Appellant argued in his appeal from the commitment that experts had failed to state

by reasonable medical certainty that he would injure another woman if he were not under the influence of mood-altering chemicals. Because the record showed his plan to seek chemical dependency treatment in prison, he asserted that the state had failed to show that he had "an utter lack of power to control [his] sexual impulses." Responding to that argument while affirming the commitment, we cited an expert's testimony that chemical dependency treatment would unlikely affect appellant's propensity to attack women. In re Duvall, No. C5-91-1799, unpub. op. at 5 (Minn. App. Dec. 31, 1991).

This court is not at liberty to review again the adequacy of proof that appellant utterly lacks control and is likely to do future harm.
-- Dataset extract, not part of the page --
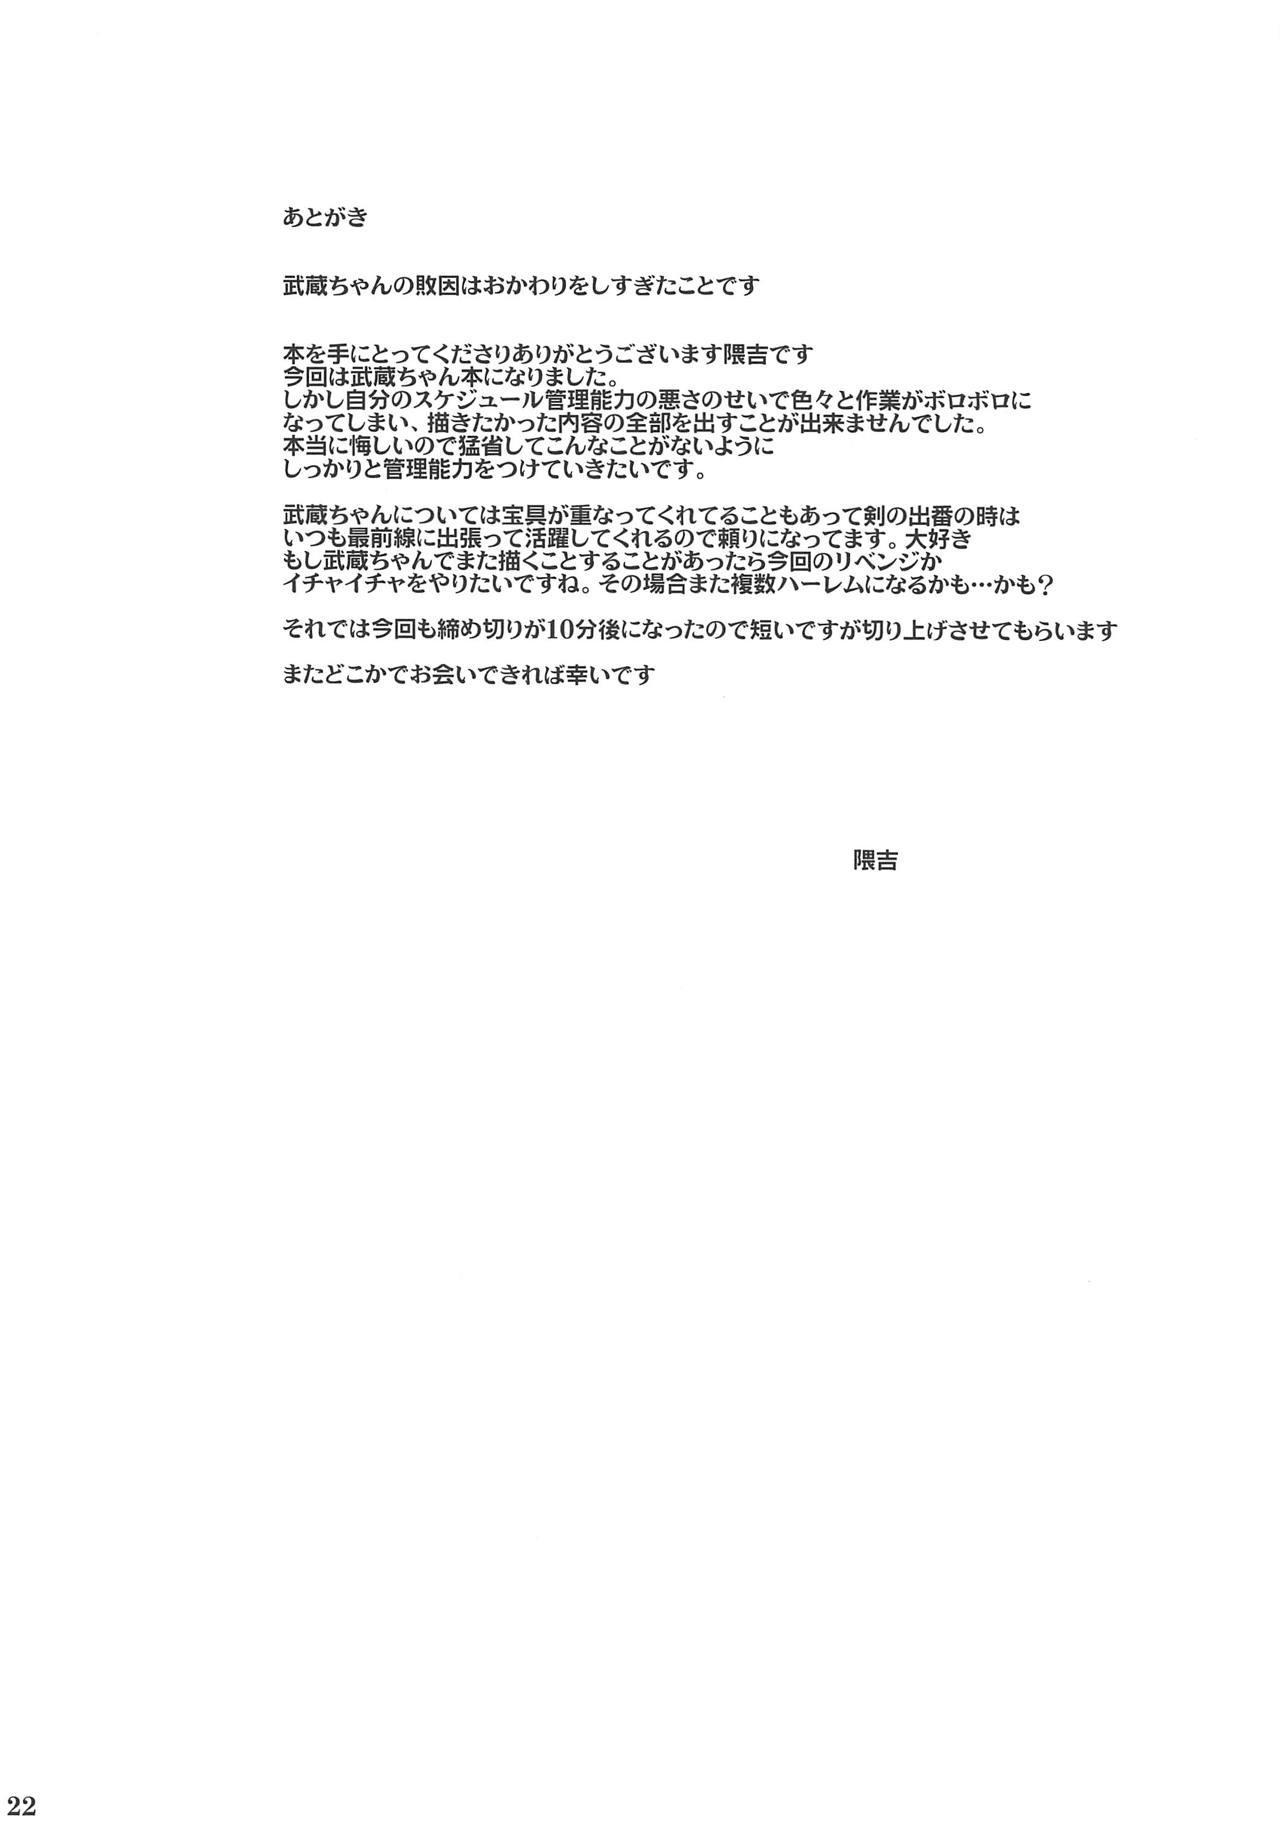 (COMIC1☆15) [Tamagobou (Kumakiti)] Musashi-chan Oji-san ni Kussuru (Fate/Grand Order) [Chinese] [新桥月白日语社] 23

Although appellant's current challenge may be broader in scope, he has raised the issue before and is barred by the doctrine of res judicata. Also, appellant may not raise constitutional issues again on a different set of arguments, and he is not entitled to elaborate on arguments by raising the issues in a different way.[2] See Thompson v. Wood, 272 N.W.2d 357, 358 (Minn. 1978) (per curiam) (holding petitioner who failed to appeal from first order discharging petition for writ of habeas corpus may not cure procedural defect by second petition for habeas).

Affirmed.

[ ]* Retired judge of the Minnesota Court of Appeals, serving by appointment pursuant to Minn. Const. art. VI, § 10.

[ ]1 The statute has since been recodified and amended to include the Pearson elements. Minn. Stat. § 253B.02, subd. 18a (1994) (definition of a sexual psychopathic personality).

[ ]2 At oral argument, appellant cited Fay v. Noia, 372 U.S. 391, 83 S. Ct. 822 (1964), overruled in part by Keeney v. Tamayo-Reyes, 504 U.S. 1, 5-6, 112 S. Ct. 1715, 1717-18, (1992). Fay expanded the application of the federal writ of habeas corpus due to the limited appeal rights provided for by states. Bolstad v. State, 435 N.W.2d 547, 548-49 (Minn. App. 1989) (noting many states, including Minnesota, adopted postconviction relief statutes in response to Fay). Fay does not change our decision.